The two major villain themes by Giacchino in
The
Batman offer much potential but only marginally improve the score.
The Catwoman theme of slightly bluesy spirit is often reduced to whiny
strings in the film, perhaps as an homage to Elfman's
Batman
Returns. Like the Wayne theme, this one also treats Selina Kyle to
three-note phrases, but in one of Giacchino's best decisions of the
score, the theme has difficulty sticking to the same exact progressions
each time, suggesting an identity crisis. The "Catwoman" suite opens
with the theme on solo piano and shifts at 0:42 to Jerry Goldsmith-like
strings with a touch of John Barry sleaze in the performance emphasis.
The idea returns to piano at 1:21 in meandering variants before sneaking
back to strings at 2:06. In the film, the theme is rarely so seductive,
softly whiny on violins and harp in the latter half of "Don't Be Voyeur
With Me" and fragmented over the Riddler theme in "Gannika Girl." It
does build to a slightly Barry-like romantic moment in "Meow and You and
Everyone We Know" but never approaches that suite formation again. Its
slight interaction with the Batman rhythm in "An Im-purr-fect Murder" is
followed by a reduction to evocative but whimpering defeat in the middle
of "A Bat in the Rafters, Pt. 2." The Riddler theme is the more
memorable of the villain identities, eerie and repetitively hypnotic
when minimal and outright crazy when performed in full. A female soprano
vocalist makes it sound like the
Scream scores at times, and
Giacchino seemingly adds some throat-singing effects to its creepiness,
as in "Collar ID." Like the Wayne and Kyle themes, this one also
utilizes three-note progressions, completing the triangle. It opens "The
Riddler" on solo voice and percussion, cycling in mystery for two
minutes. But the joke is up at 2:06 when melody shifts to full ensemble
menace while still maintaining cyclical form. The wavering string
performances give the idea a touch of insanity before returning to the
common solo vocal and string versions later in the suite. In the film,
the Ridder theme does suspense duties with solo voice in "Mayoral
Ducting" and "Moving In for the Gil," the latter cue simply amplifying
the volume for more effect. More dissonance is added over the voice in
"World's Worst Translator," and that effect is taken to extremes in "The
Great Pumpkin Pie." The theme defines the middle of "A Flood of Terrors"
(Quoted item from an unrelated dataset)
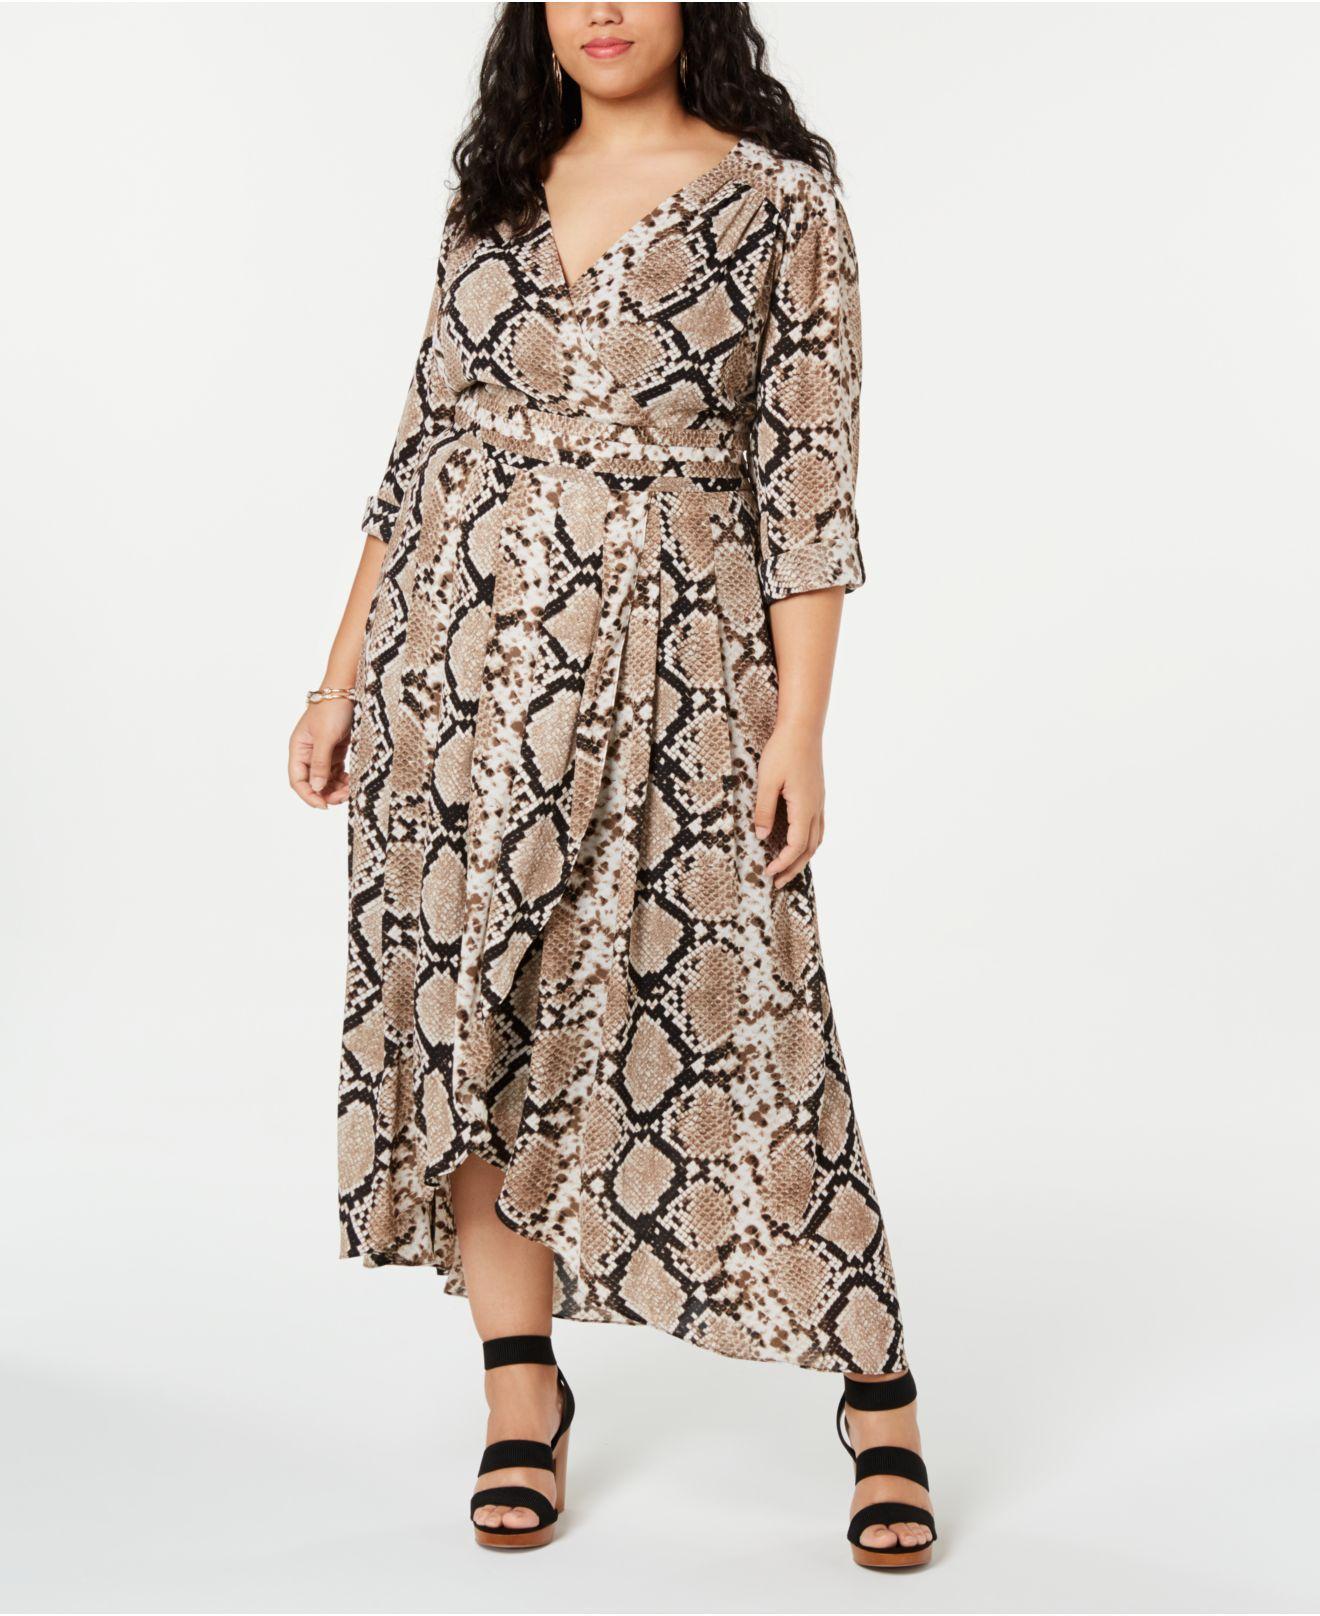 56920e603dfe2 Women s I.n.c. Plus Size Snake Printed Faux-wrap Midi Dress
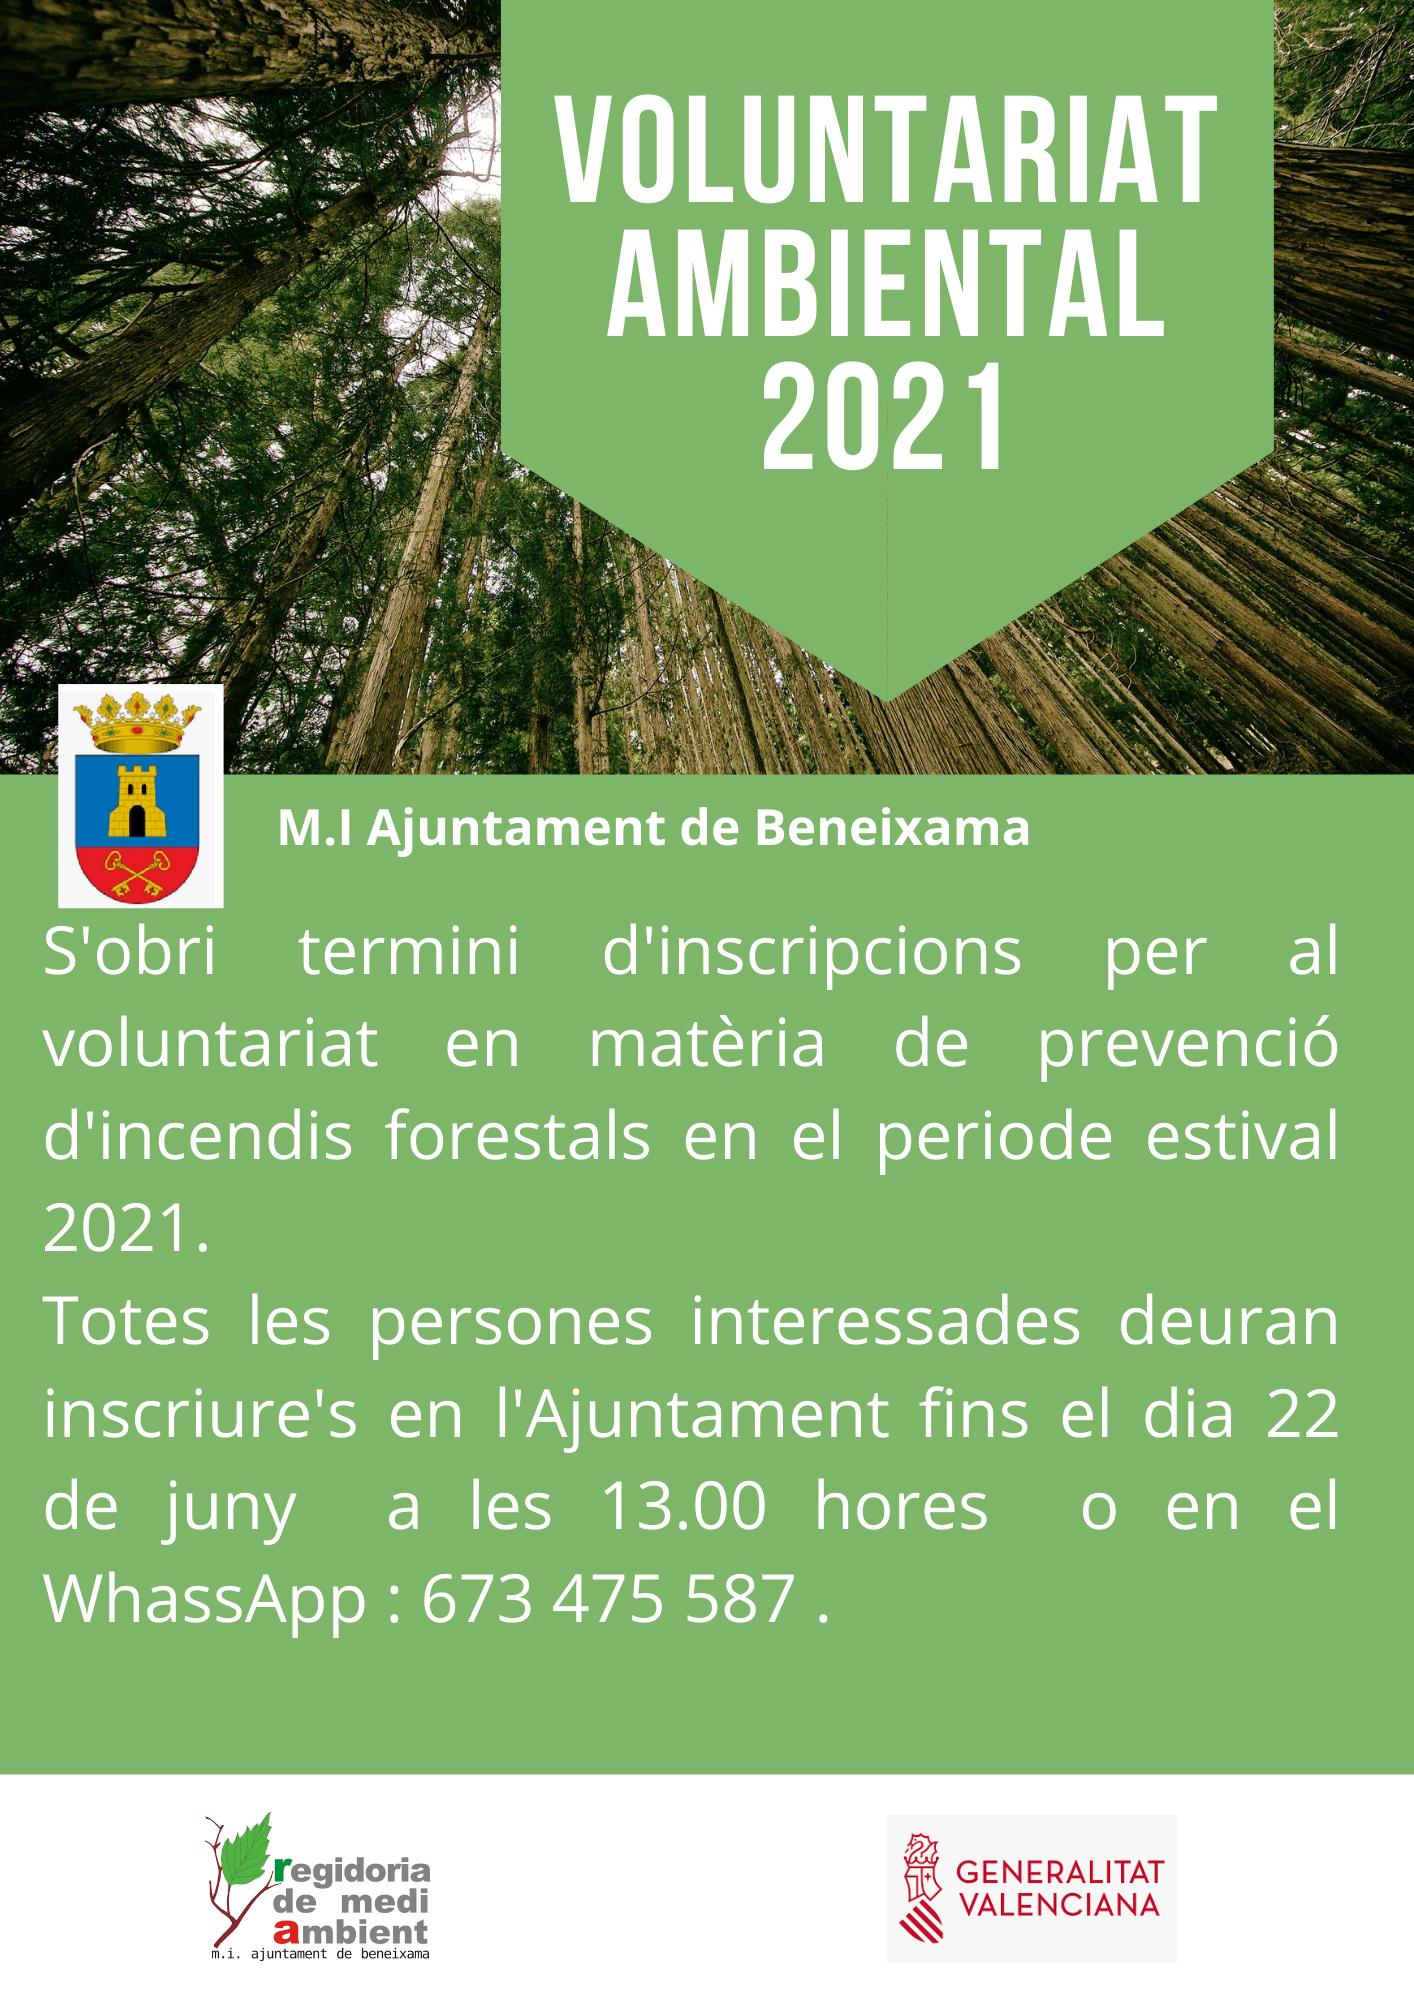 Voluntariat ambiental 2021.

but really shines once it matures into almost an Elfman-like,
organ-aided waltz to open "A Bat in the Rafters, Pt. 1." This
performance is impressive in size, but the evolution of the theme in the
cue takes too long to pick up the pace.
Aside from these three core themes and primary rhythmic
motif in
The Batman, Giacchino doesn't explore much else in
anticipation of sequels. One possible exception is a two-note ascent of
violin slurs in "Mayoral Ducting" and "Penguin of Guilt" that may
foreshadow a Penguin identity. Otherwise, this score remains loyal to
the main motifs or dwells in the shadows without achieving more than
basic ambience. The lengthy album release is a laborious experience but
not one without some appeal. It concludes with the three suites and a
long piano solo in "Sonata in Darkness" that pivots through some of the
score's themes. The Wayne melody is explored at 0:13, though even here,
the pounding of minor thirds in the bass cannot be avoided. The
performer moves to higher octaves for both the theme and rhythm through
three minutes and then shifts to the Catwoman theme at 3:06, by which
time the track sounds like something you would hear performed live in
the atrium of a Nordstrom department store. The meandering nature of the
theme yields a good improvised style, and the Kyle material eventually
mingles with Wayne's at 4:45 in diminishing disappointment, overlaying
the Batman rhythm at 5:34 on very high notes. The track becomes
extremely sparse and repetitive as these themes mingle in the 6th and
7th minutes, though the Wayne theme returns over the rhythm at 6:34 with
more stylish performances of its own. They die off unceremoniously at
end of the track, but at least it resolves on key. It's difficult to
figure how much demand this track will receive; the album is better
summarized by the three suites. In fact, this music will be the perfect
extent of representation from the score for
The Batman when
combined with "A Bat in the Rafters, Pt. 1" for a touch of action.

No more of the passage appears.